15. A computer-readable storage medium, wherein a program or instruction is stored on the computer-readable storage medium, and when the program or instruction is executed by a processor, the steps of the business processing method as described in any one of claims 1 to 9 or 10 to 14 are implemented.
16. An electronic device comprises a processor and a memory, wherein the memory stores a program or instruction that can be run on the processor, and when the program or instruction is executed by the processor, the steps of the business processing method as described in any one of claims 1 to 9 or 10 to 14 are implemented.
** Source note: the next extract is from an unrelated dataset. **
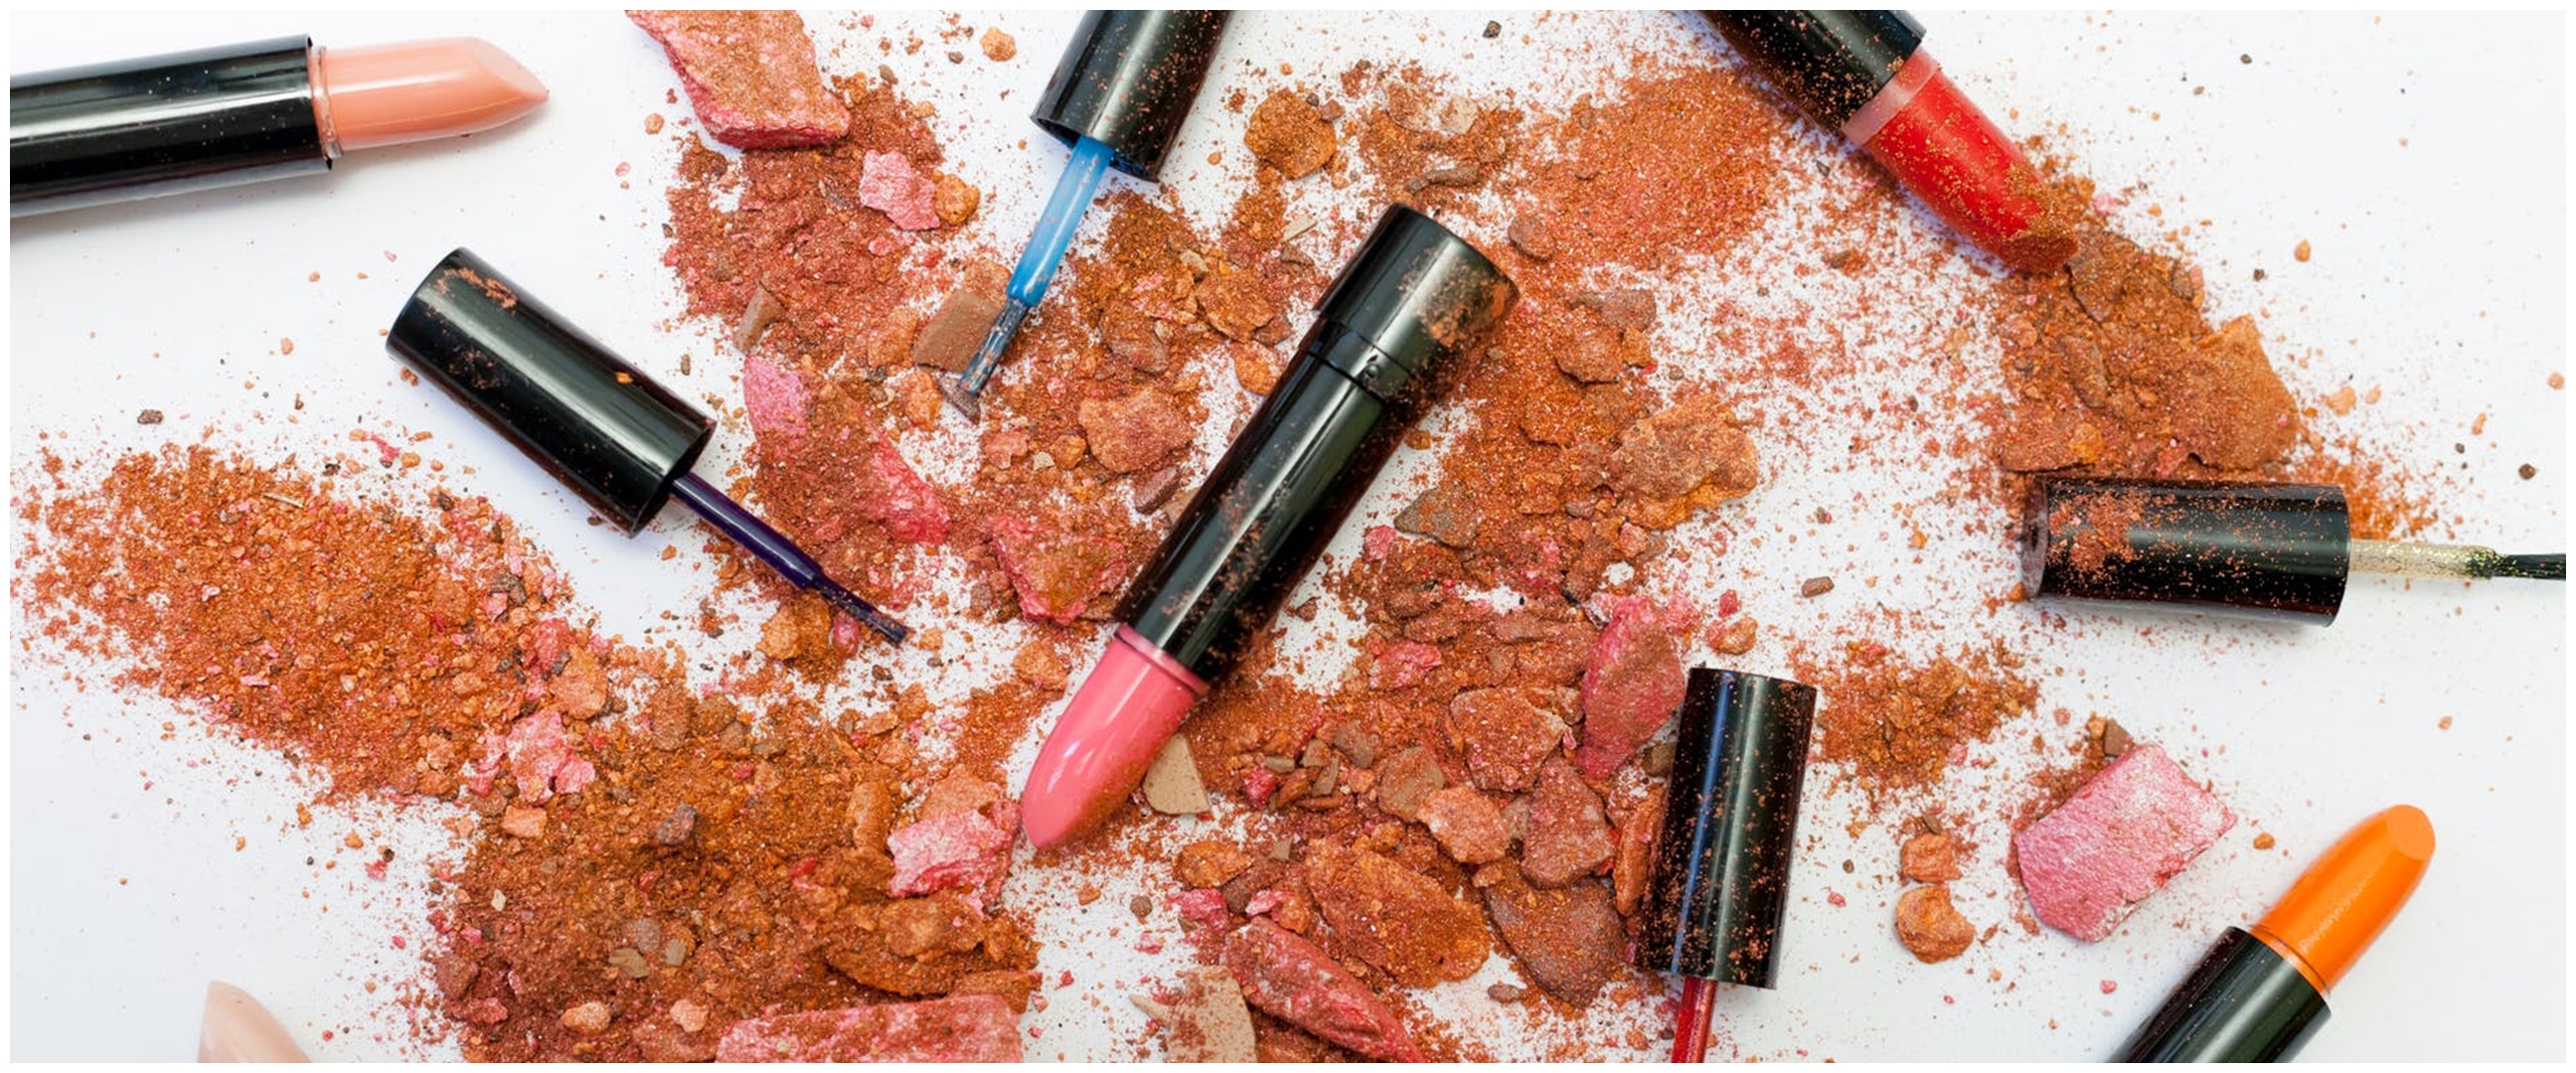 Ketahui kepribadian lewat warna lipstik favorit, apa kesukaanmu?

17. A business processing system, comprising:

    A first routing device is configured to receive a first data message, wherein the first data message carries identification information corresponding to a target service requested by a user; determine a target service instance corresponding to the target service; and send a second data message to a second routing device corresponding to the target service instance, wherein the second data message is determined based on the first data message, and the second data message is sent to the second routing device corresponding to the target service instance. The second data message carries identification information corresponding to the target service instance; and

    The second routing device is configured to receive the second data packet sent by the first routing device; and send a third data packet to the server corresponding to the target service instance according to the identification information corresponding to the target service instance, wherein the third data packet is determined based on the second data packet.